Records shown:
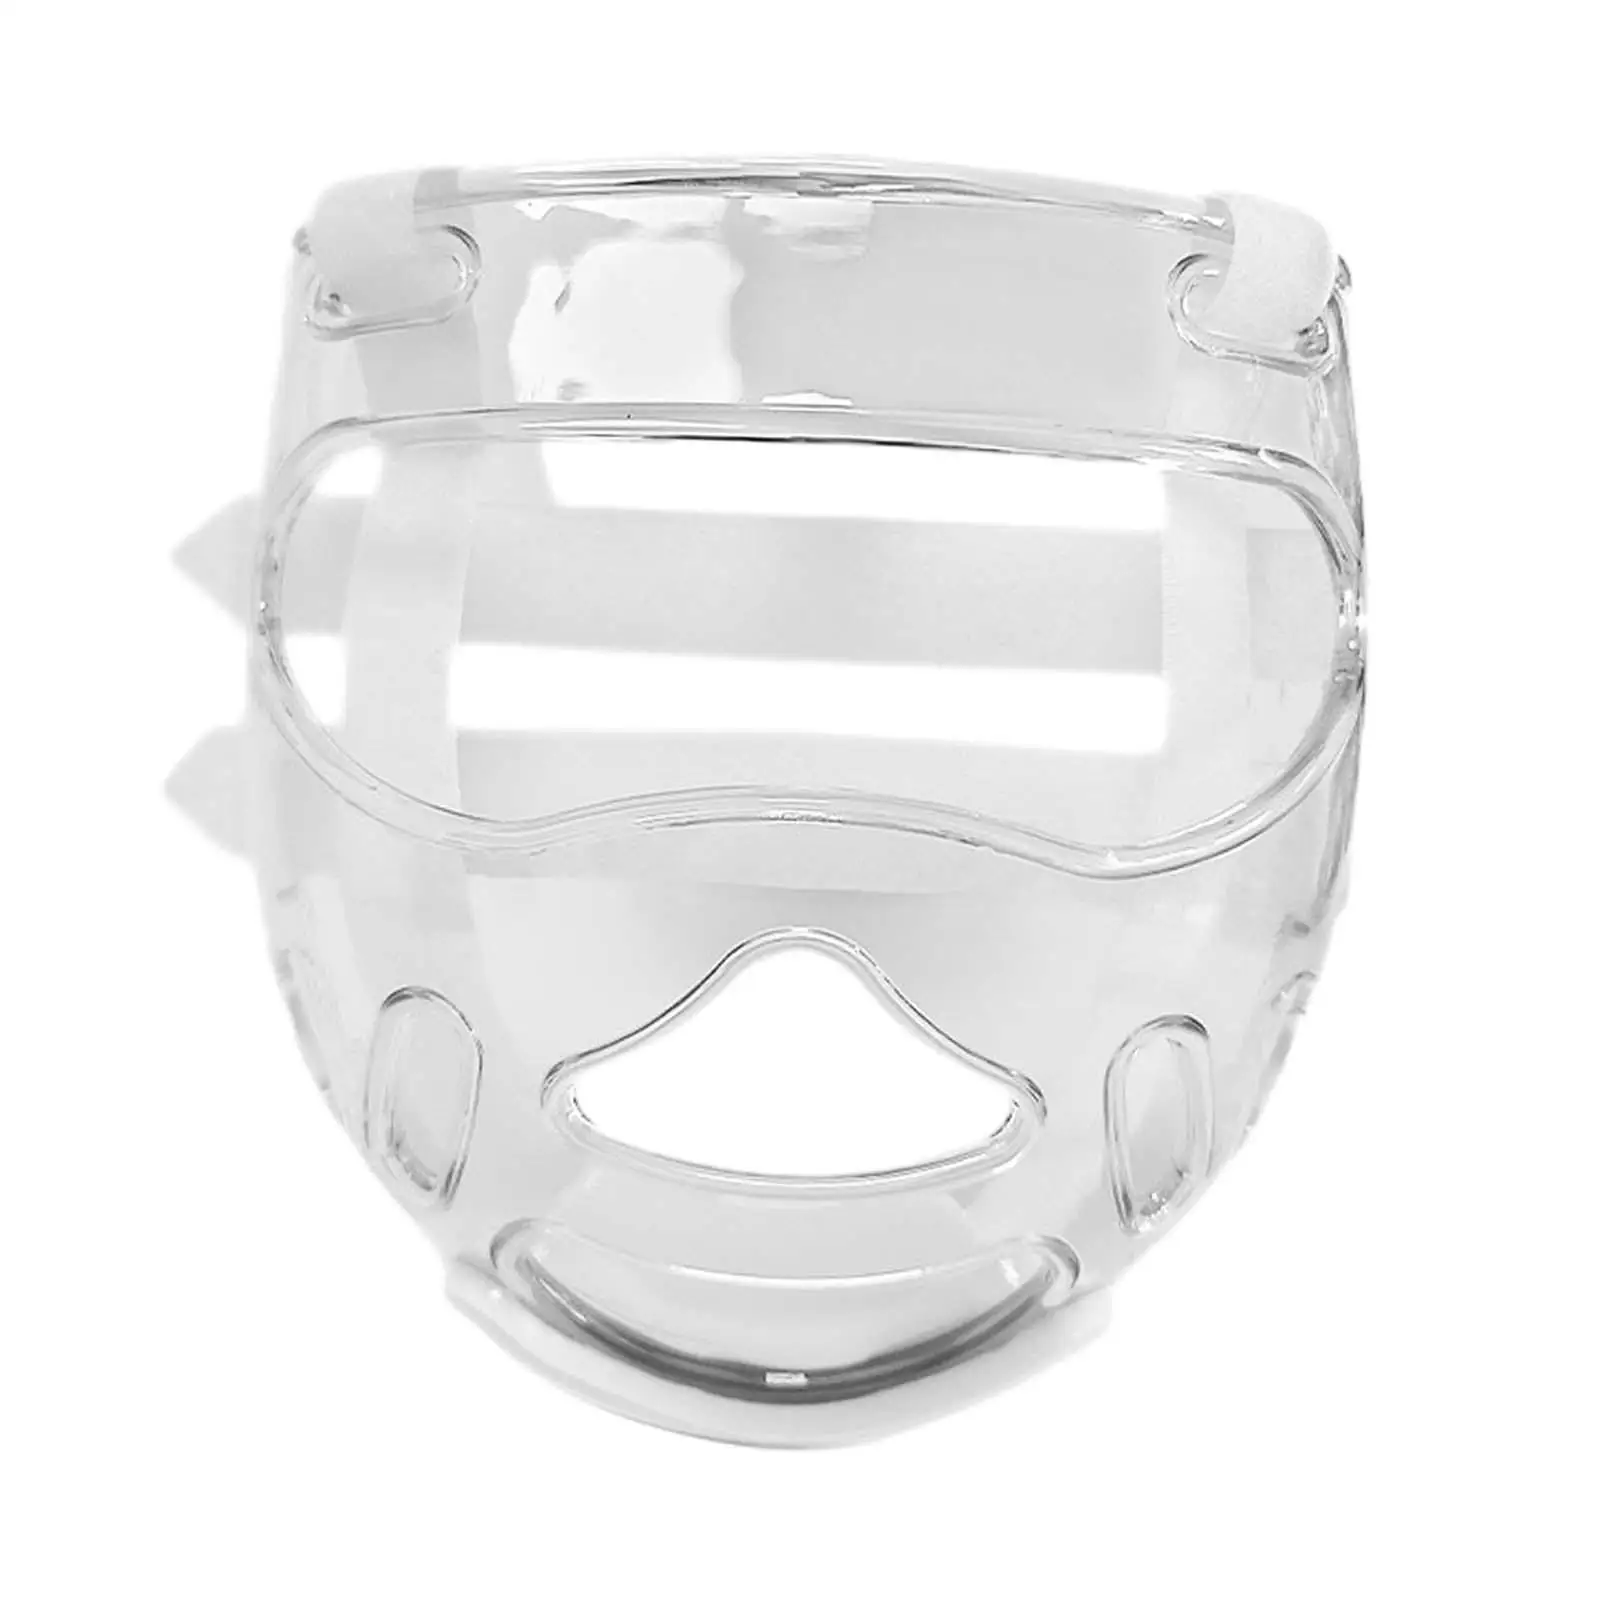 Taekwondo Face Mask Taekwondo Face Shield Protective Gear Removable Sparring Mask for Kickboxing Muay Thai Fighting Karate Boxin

* * *

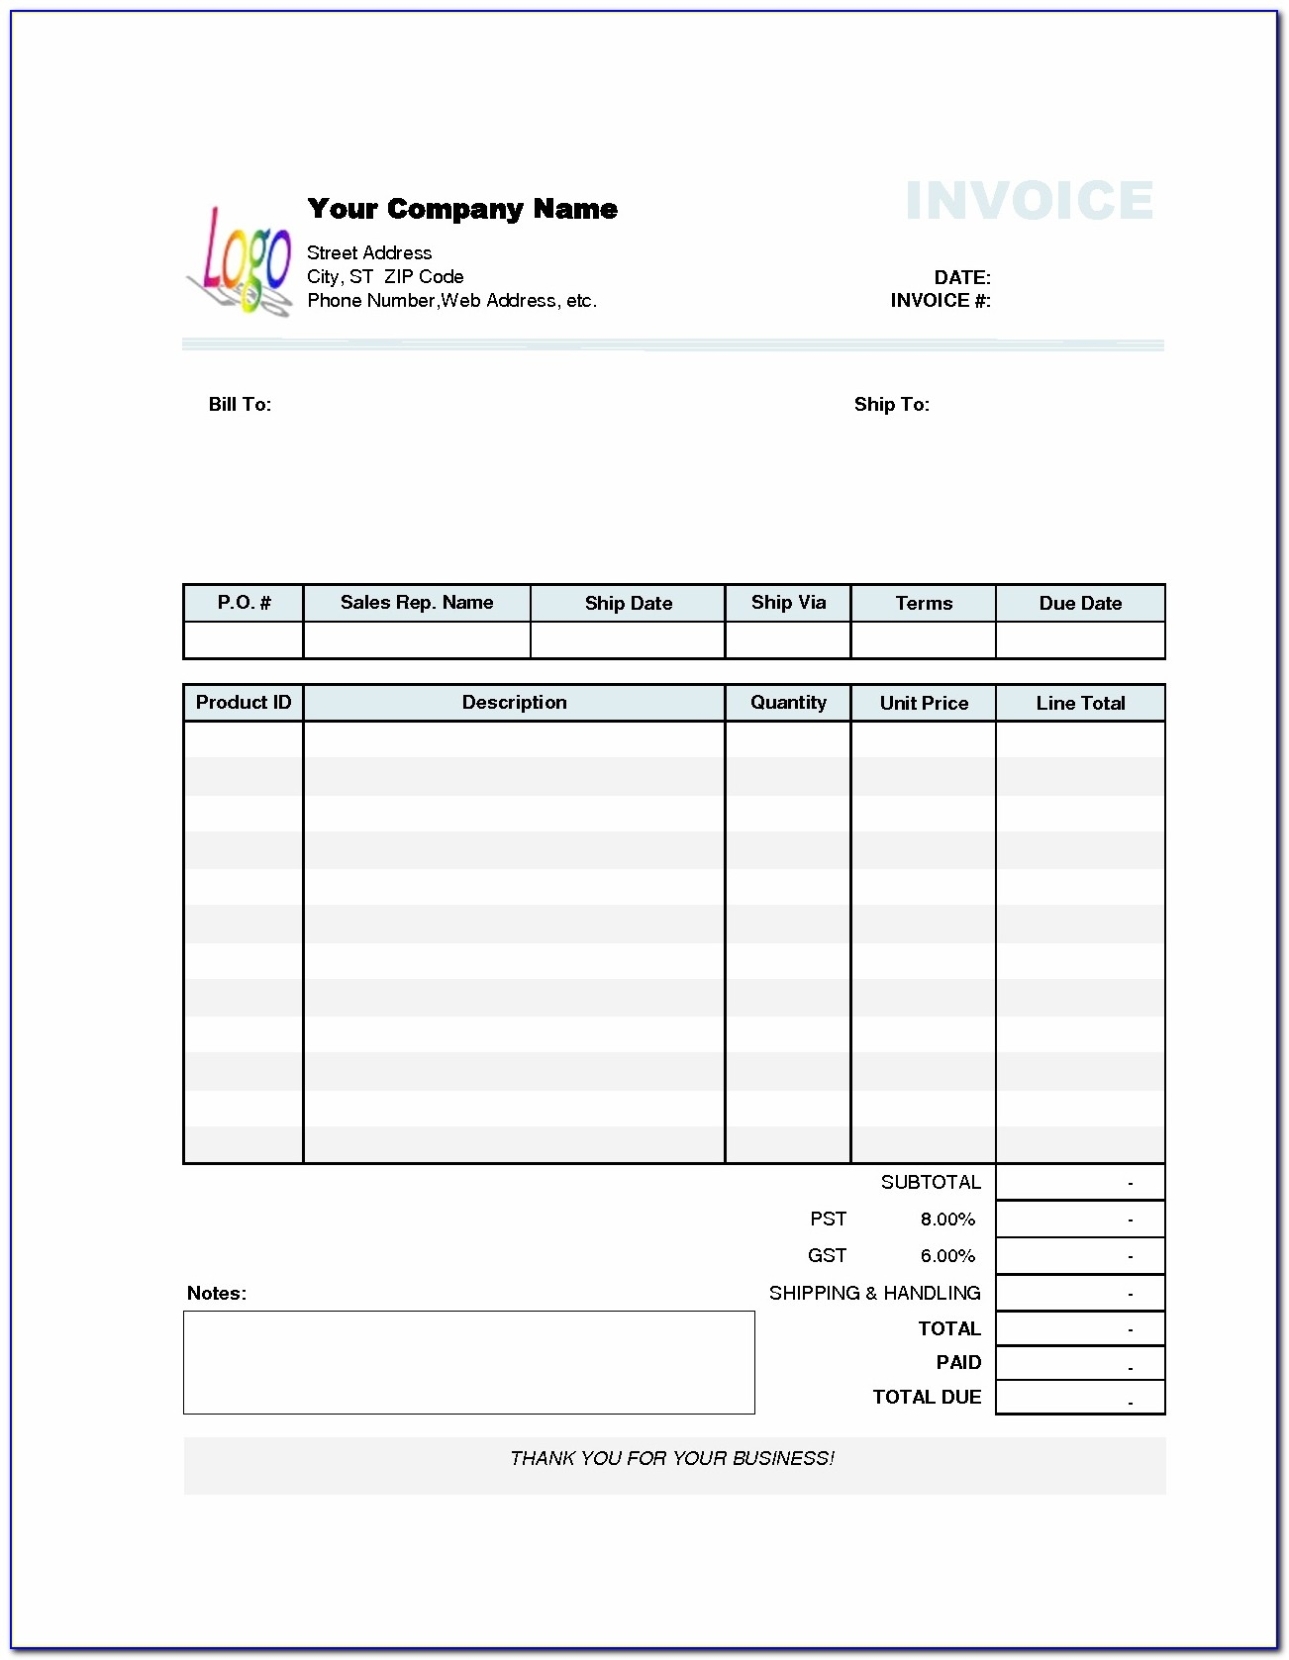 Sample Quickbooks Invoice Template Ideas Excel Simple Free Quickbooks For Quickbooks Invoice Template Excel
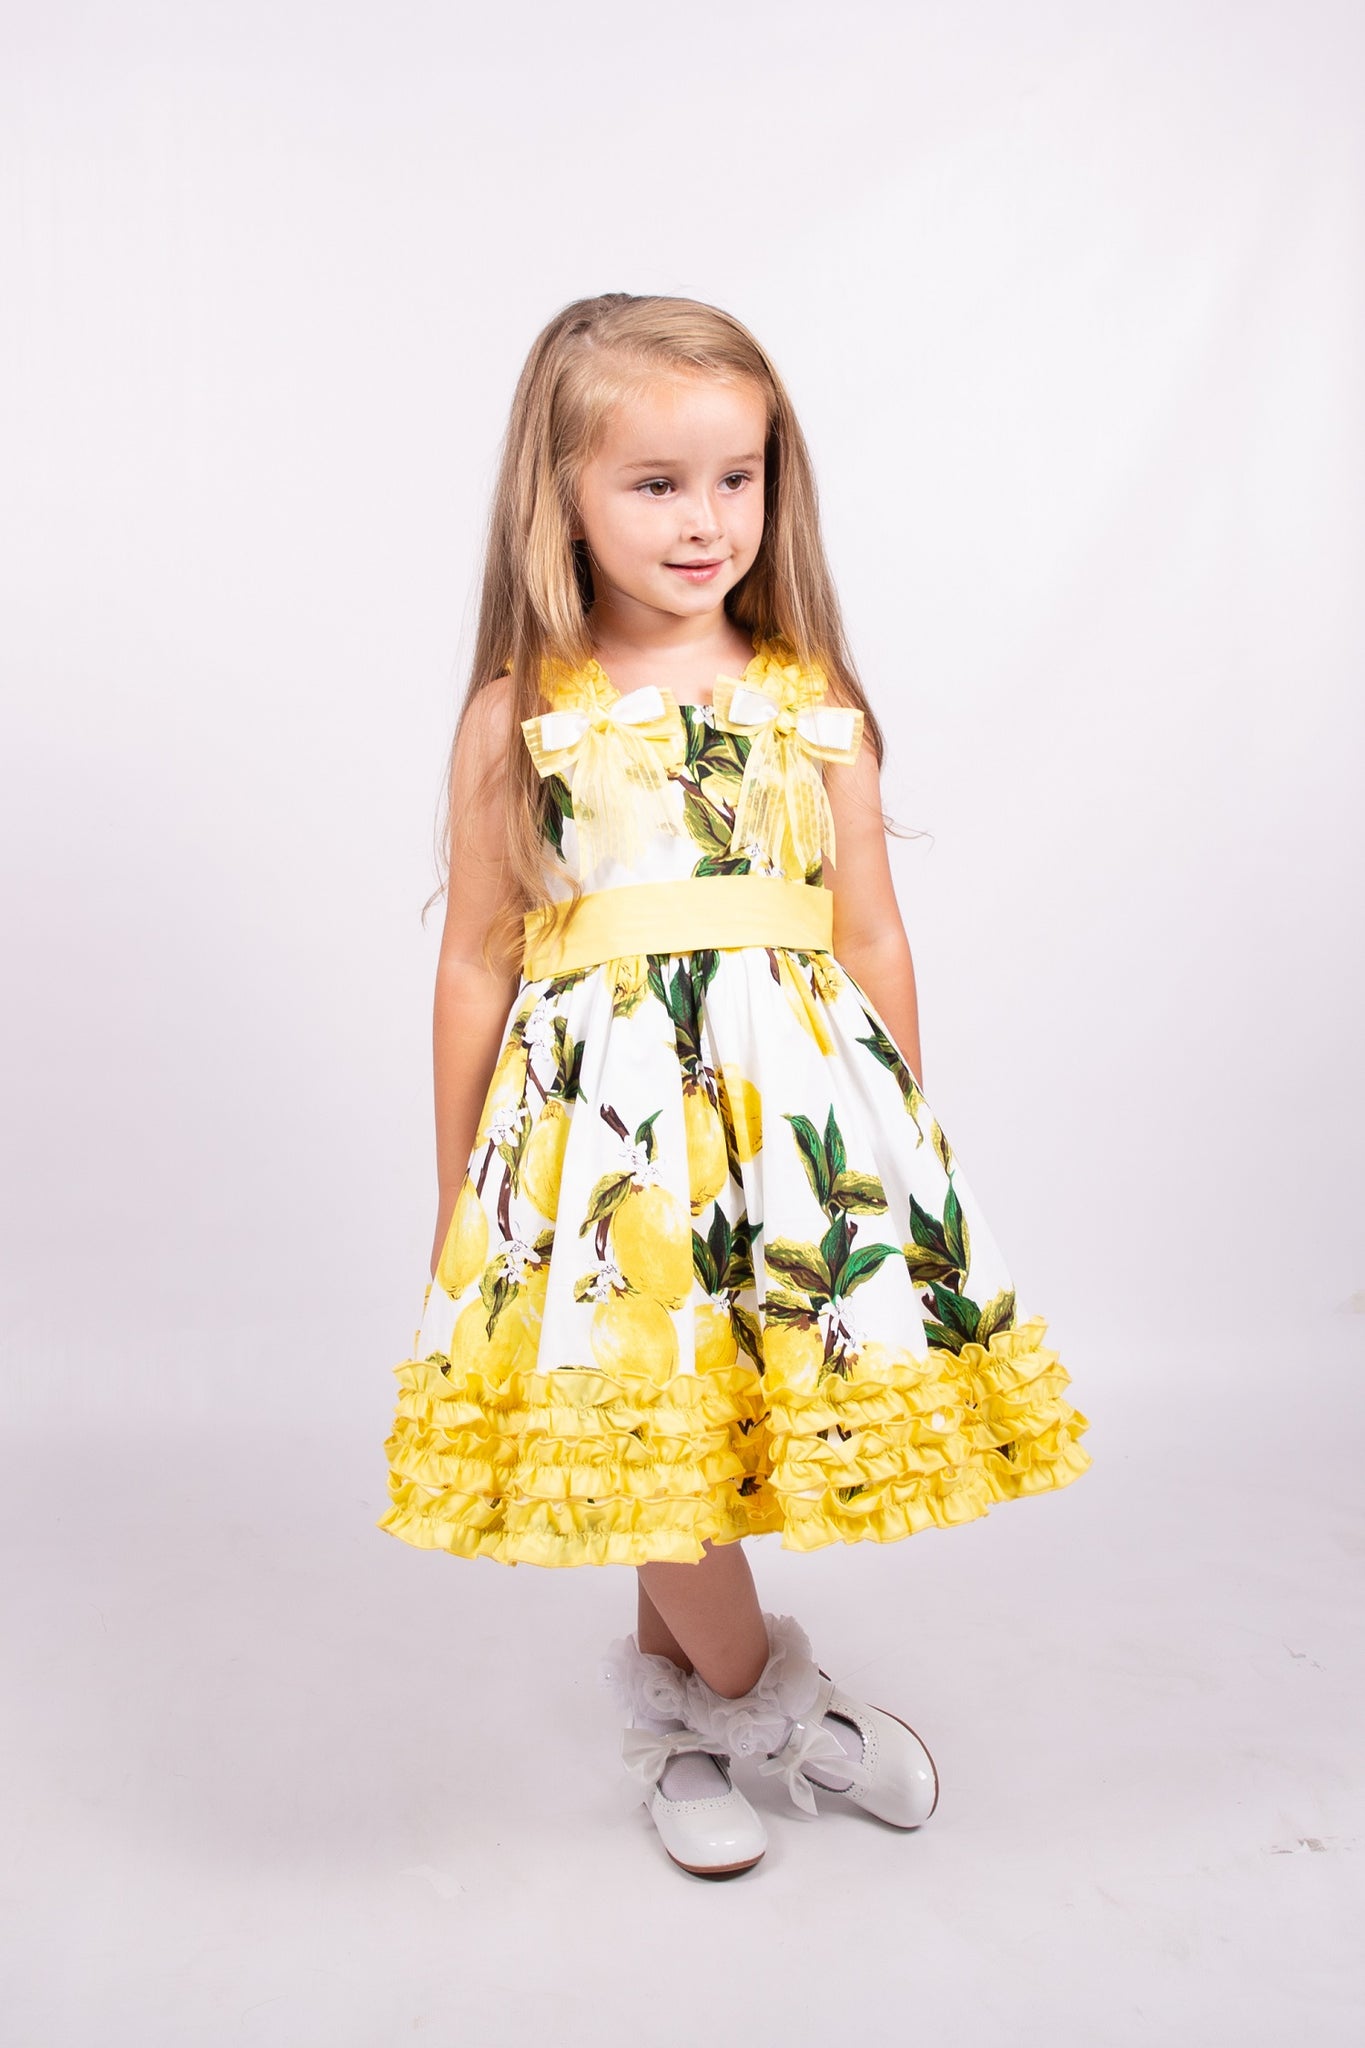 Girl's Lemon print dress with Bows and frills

Task item:
Only one stretch of the listing is wanted: the lines starting at the one with "Sample Quickbooks Invoice" and ending at the one with "Girl's Lemon print", copied exactly and free of pictures.

Problem solution:
 Sample Quickbooks Invoice Template Ideas Excel Simple Free Quickbooks For Quickbooks Invoice Template Excel
 Girl's Lemon print dress with Bows and frills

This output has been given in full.